AVAILABLE DATA:
####

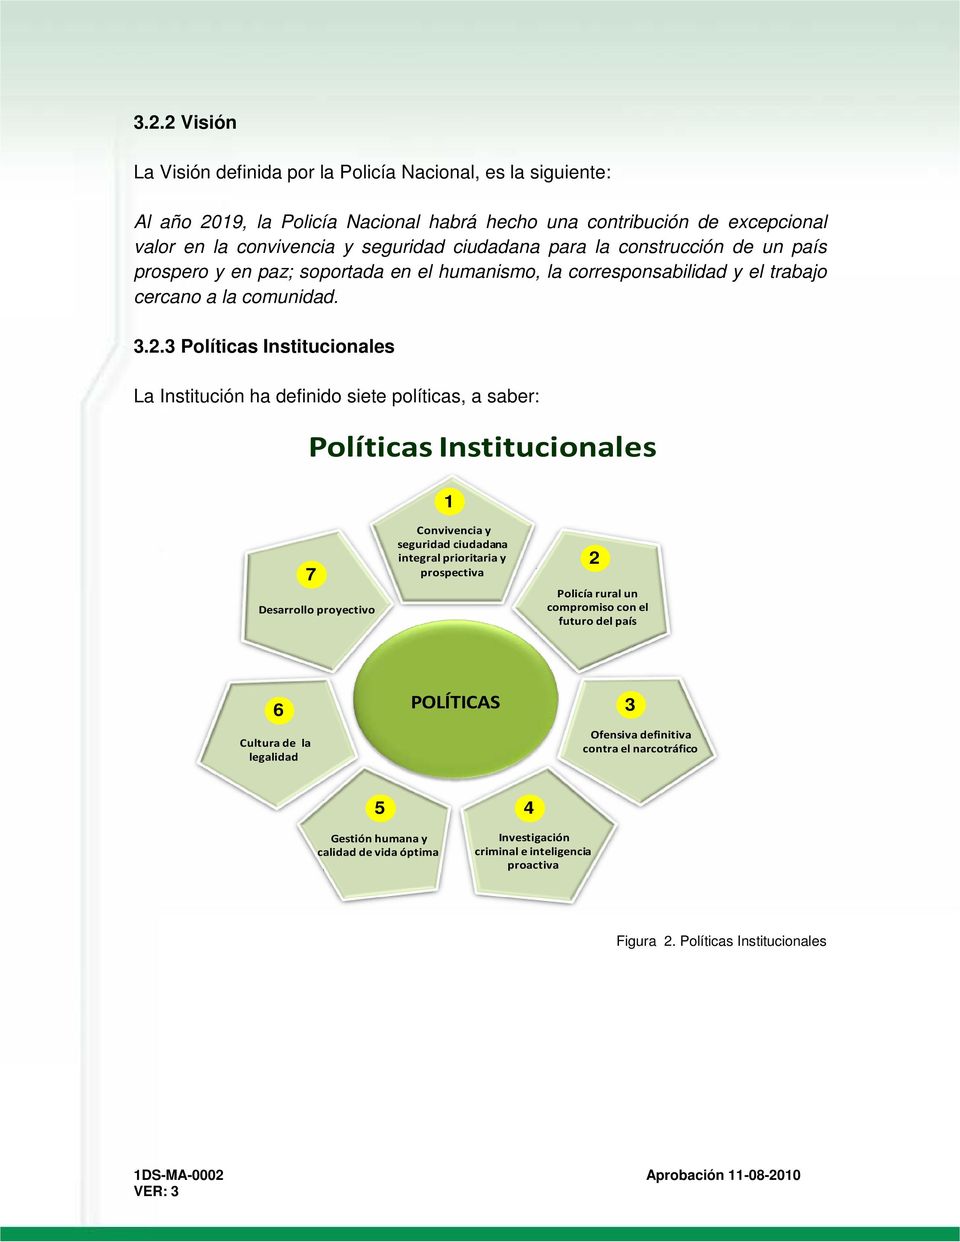 3 Políticas Institucionales La Institución ha definido siete políticas, a saber: Políticas Institucionales 1 7 Desarrollo proyectivo Convivencia y seguridad ciudadana integral prioritaria y
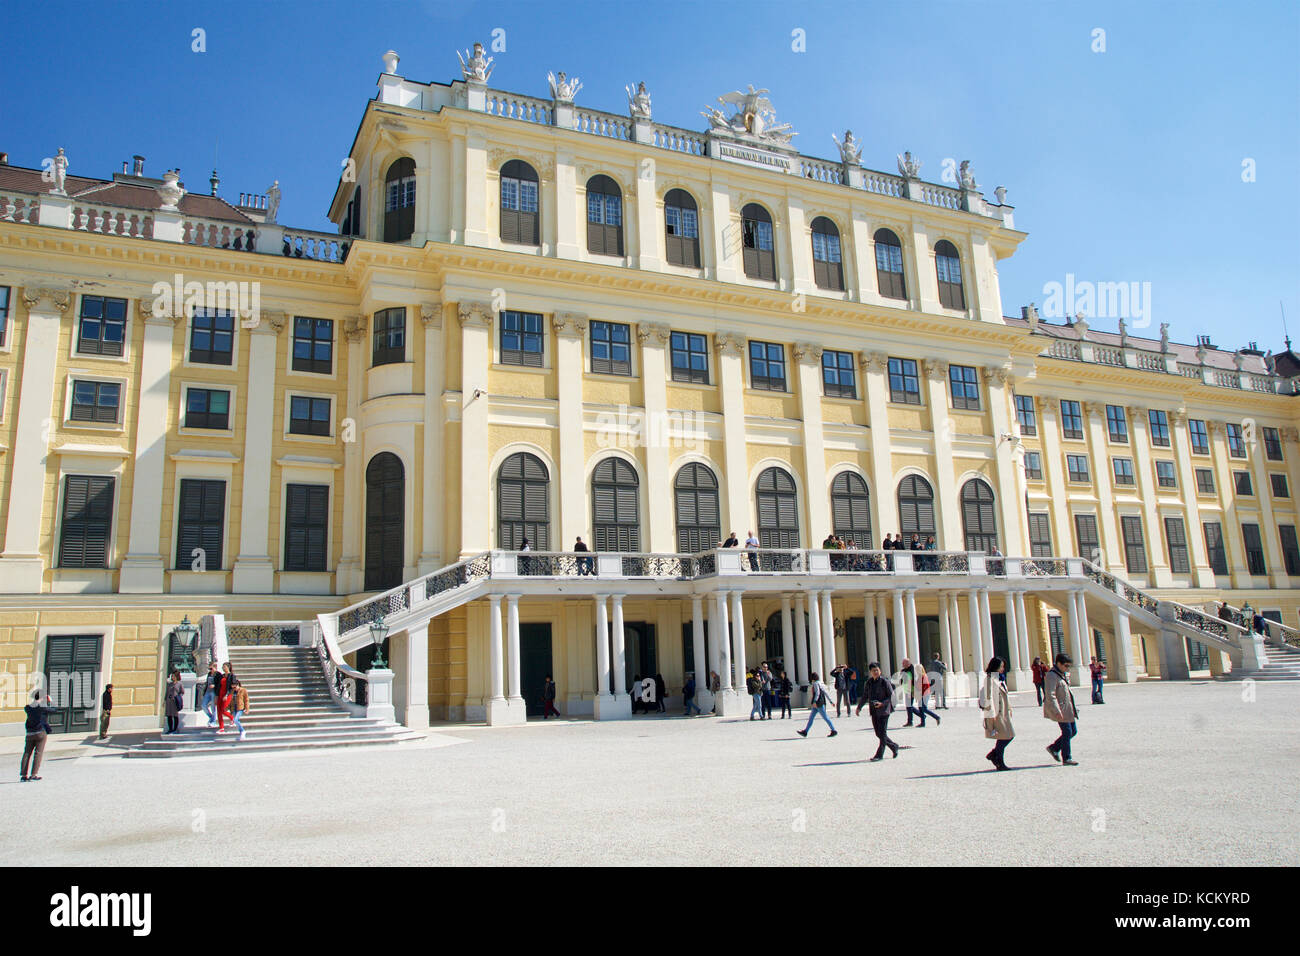 Viena, Austria - Abr 30th, 2017: fachada del palacio de Schönbrunn, antigua residencia de verano imperial, construido y remodelado durante el reinado de la emperatriz María Teresa en 1743 Foto de stock
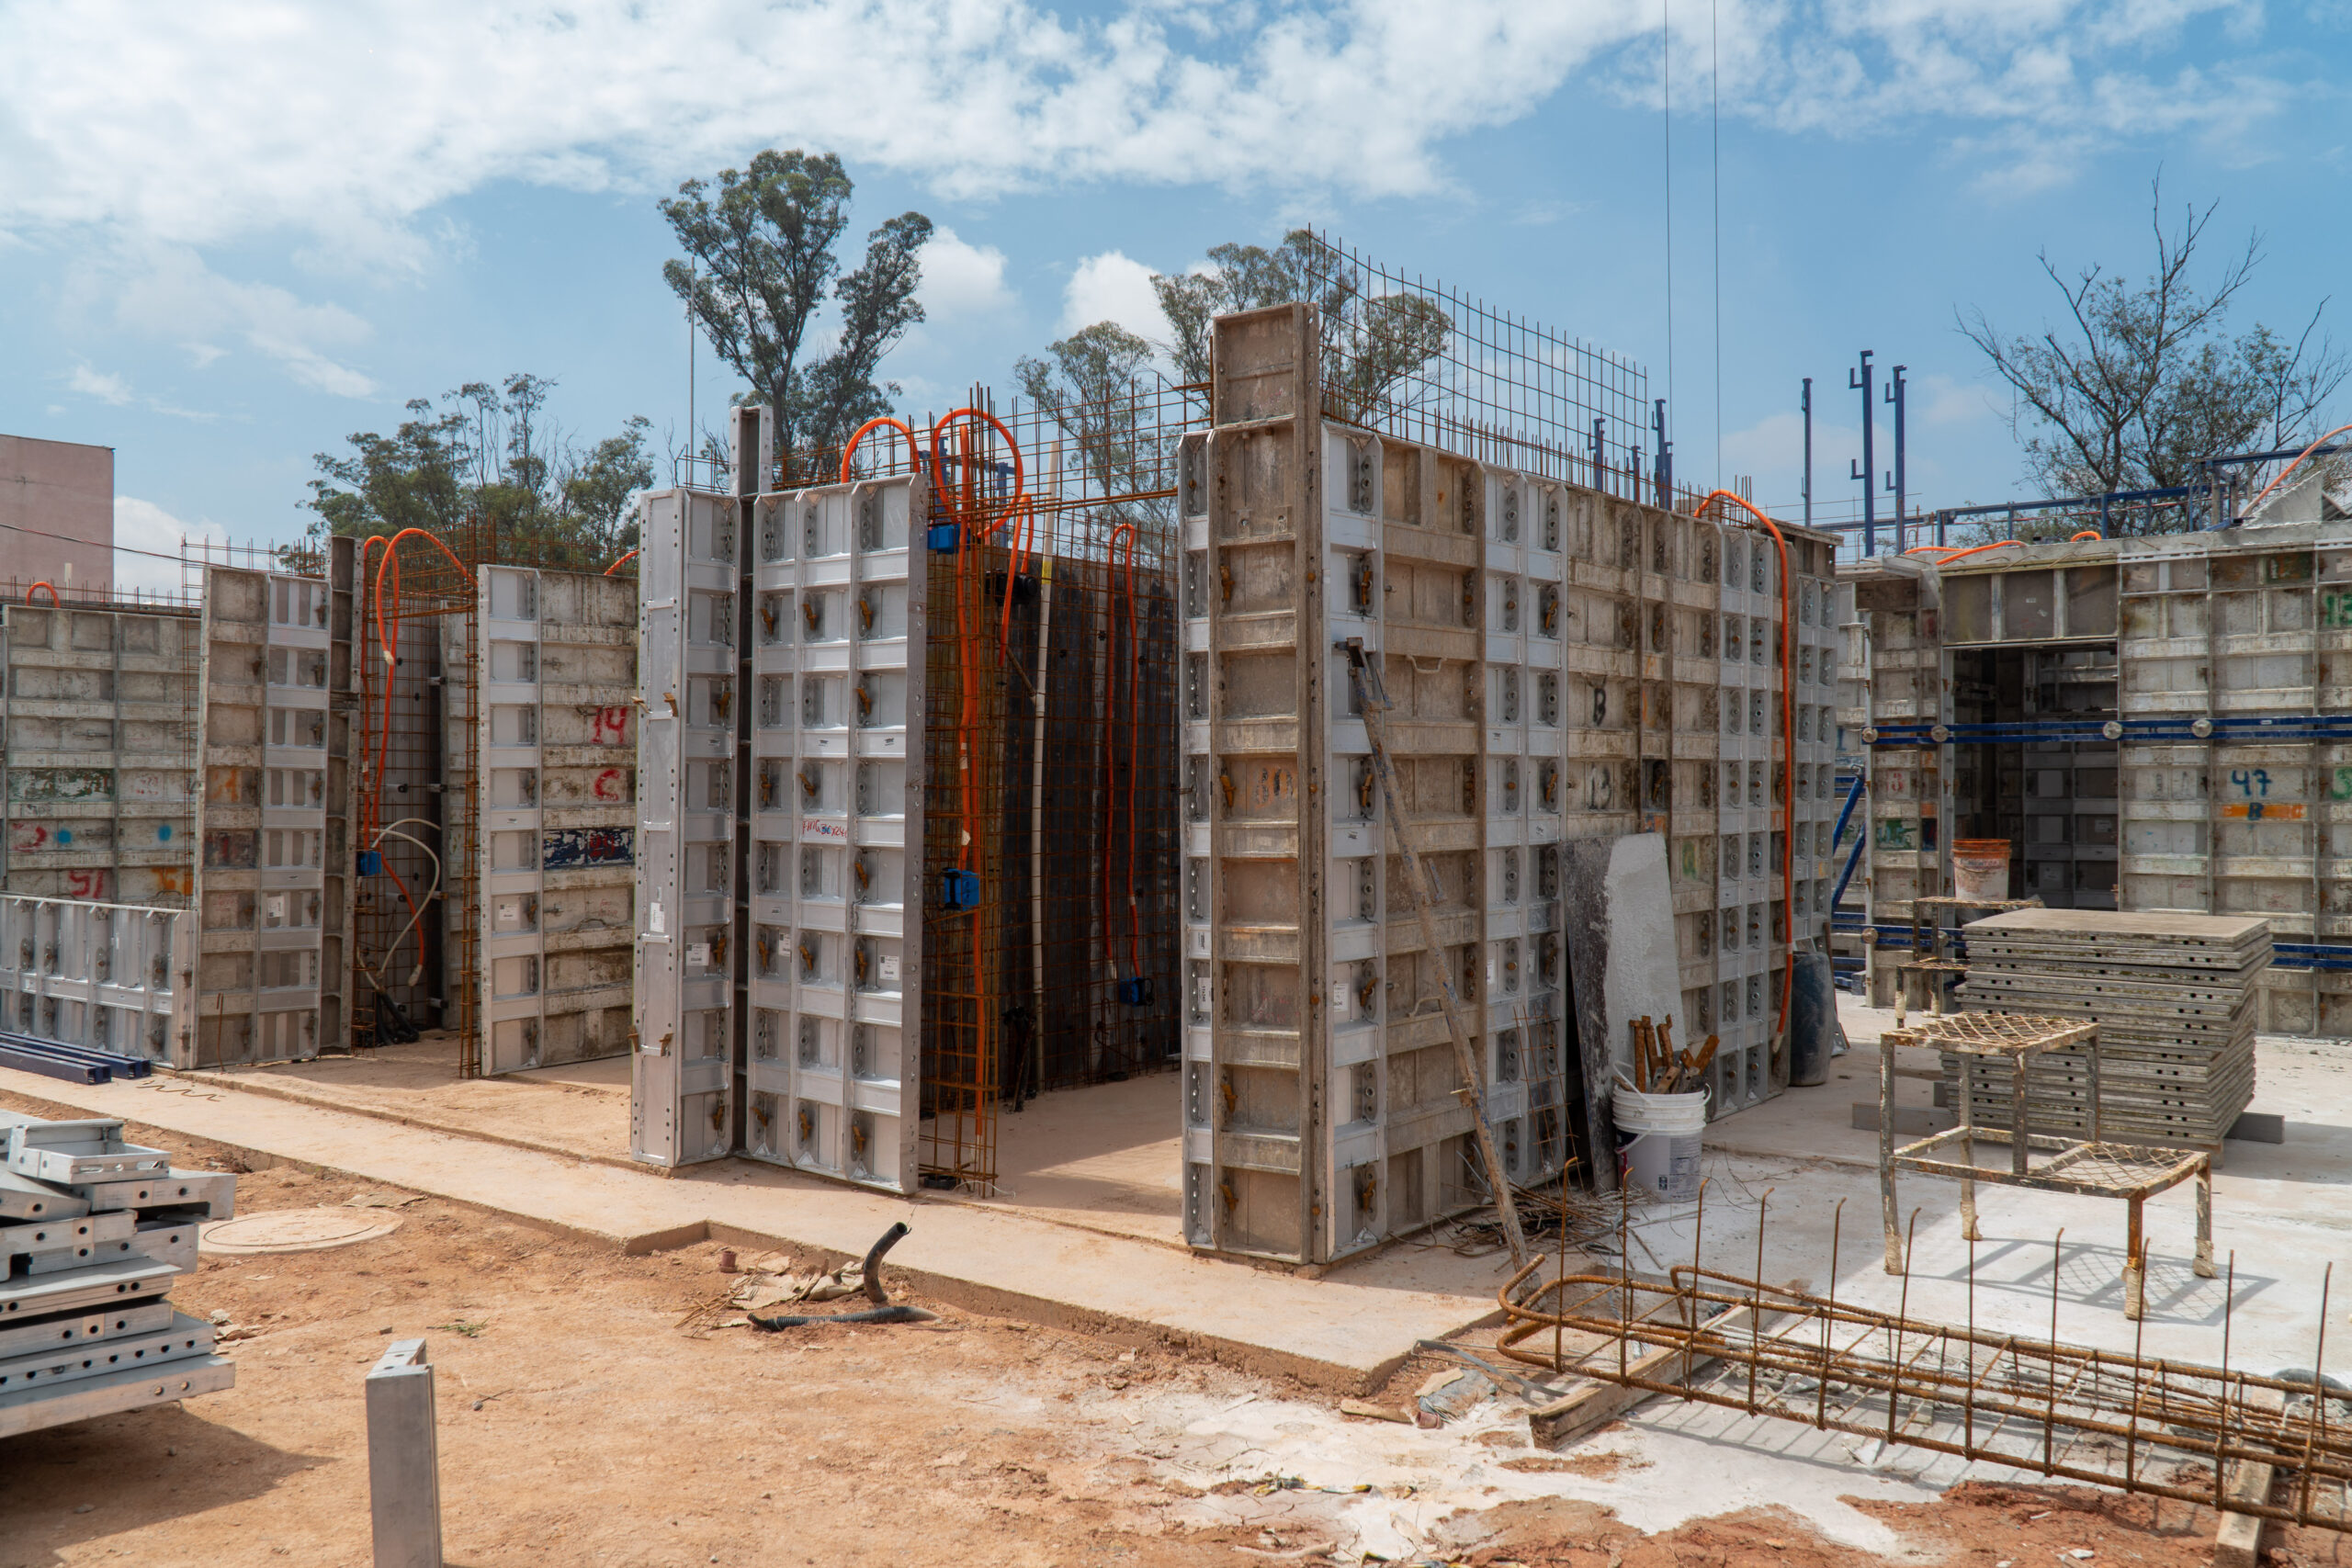 Empregos na construção: Emccamp Residencial oferece 14 oportunidades de trabalho no Rio de Janeiro

####

TASK PROMPT: The result should be a word-for-word restatement of all the data, without images.

ANSWER FOR THE TASK:
 3 Políticas Institucionales La Institución ha definido siete políticas, a saber: Políticas Institucionales 1 7 Desarrollo proyectivo Convivencia y seguridad ciudadana integral prioritaria y
 Viena, Austria - Abr 30th, 2017: fachada del palacio de Schönbrunn, antigua residencia de verano imperial, construido y remodelado durante el reinado de la emperatriz María Teresa en 1743 Foto de stock
 Empregos na construção: Emccamp Residencial oferece 14 oportunidades de trabalho no Rio de Janeiro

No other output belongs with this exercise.